■ Task to complete:
From the data underneath, reproduce exactly the stretch that begins at the line with "Mustang-Motorsport" and ends after the line with "Textbook clipart assignment".

** Materials provided follows **

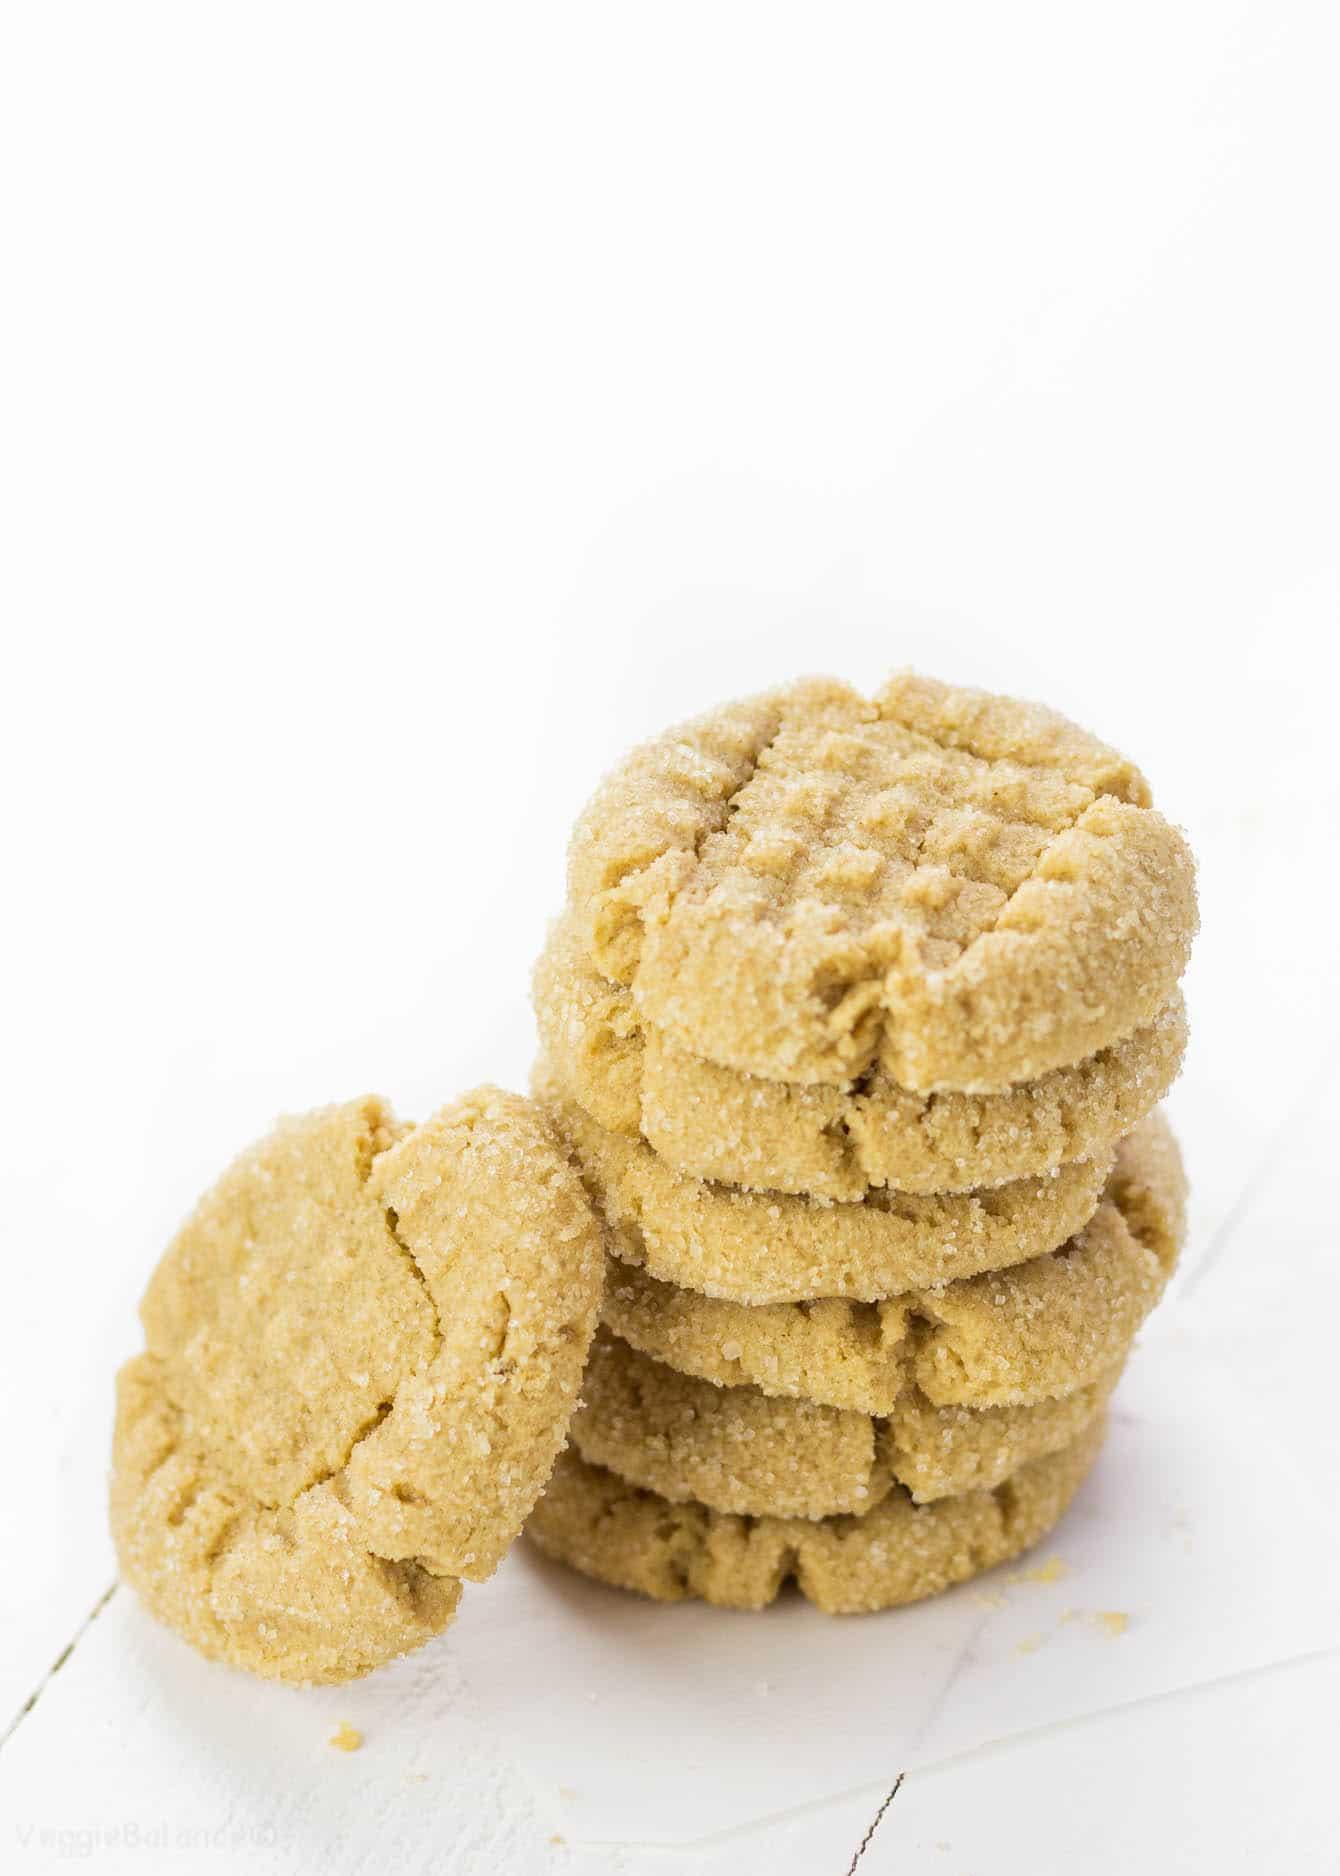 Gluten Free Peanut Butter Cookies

** End of Materials provided **
** Materials provided follows **

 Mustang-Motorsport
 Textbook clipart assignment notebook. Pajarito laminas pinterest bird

** End of Materials provided **
** Materials provided follows **

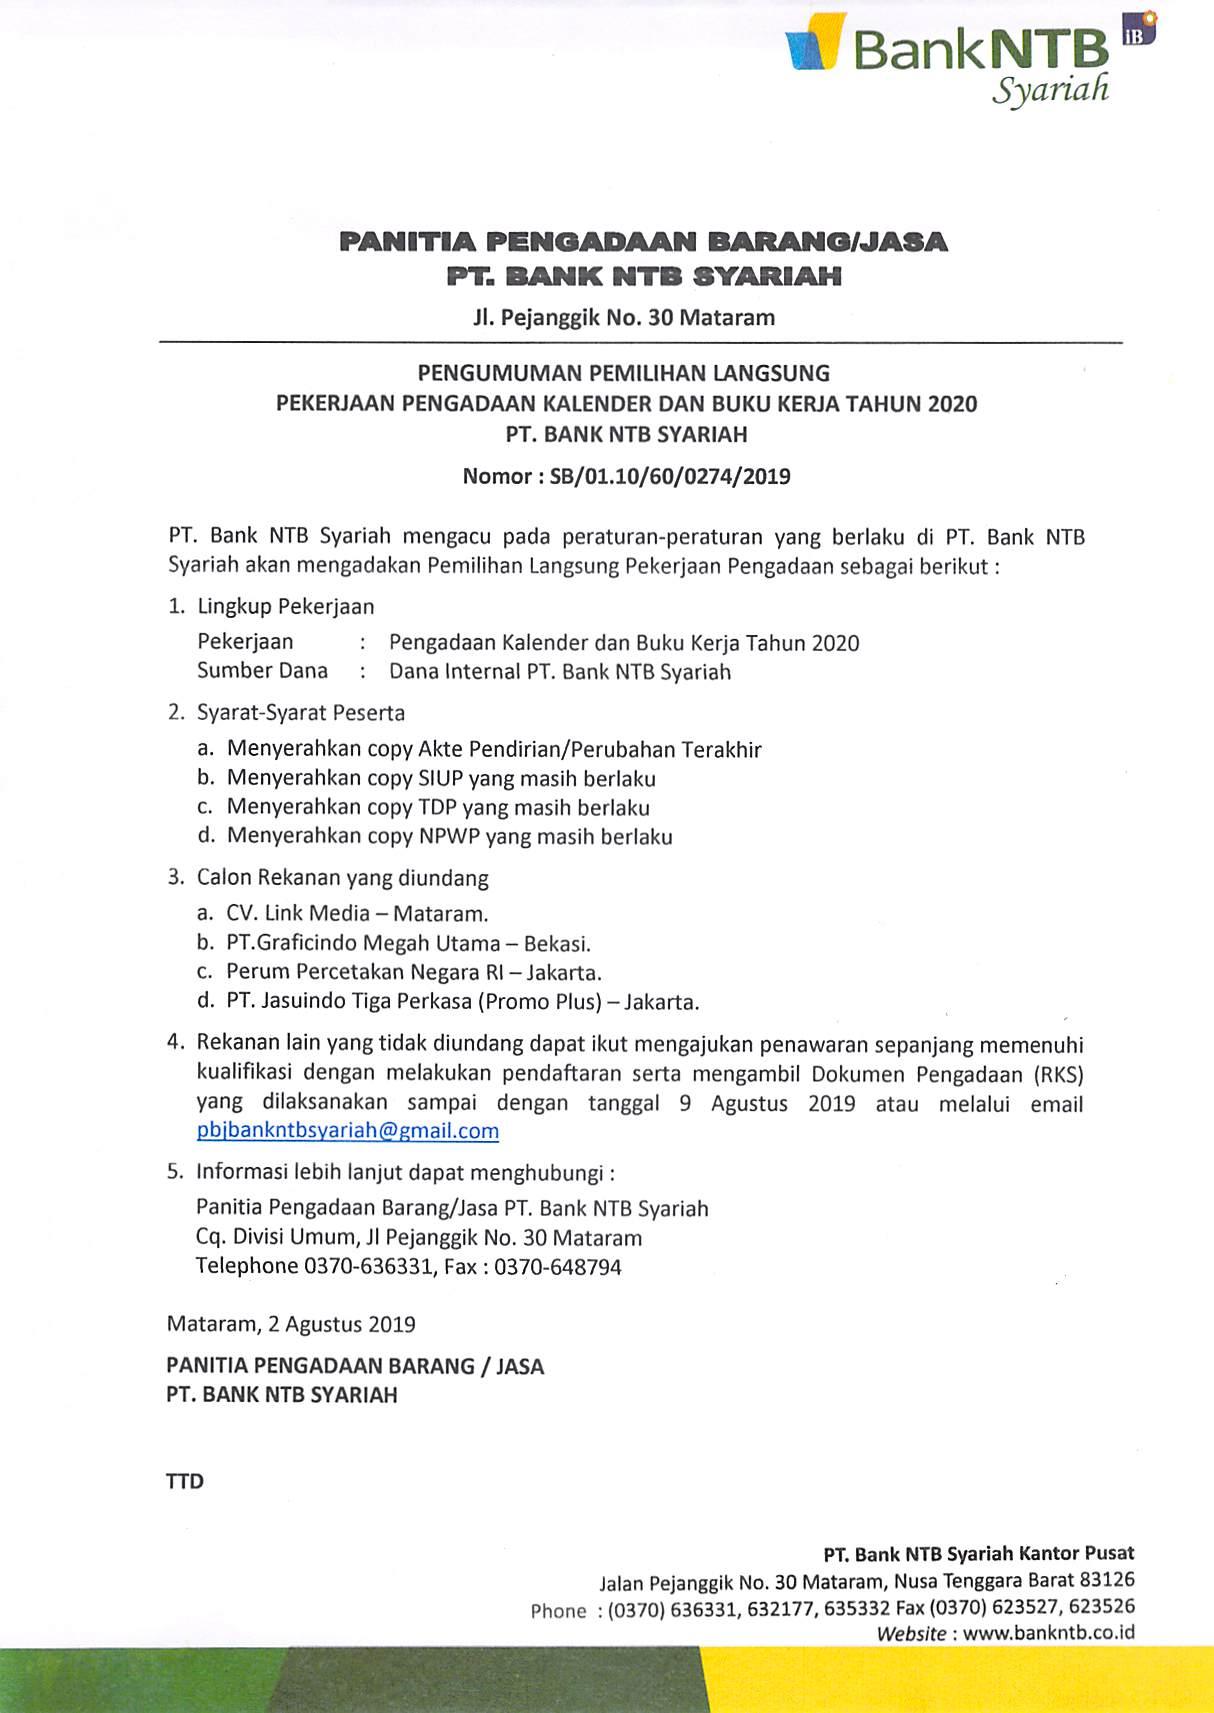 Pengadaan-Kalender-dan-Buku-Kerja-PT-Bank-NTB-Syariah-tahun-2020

** End of Materials provided **

■ Result for this exercise:
 Mustang-Motorsport
 Textbook clipart assignment notebook. Pajarito laminas pinterest bird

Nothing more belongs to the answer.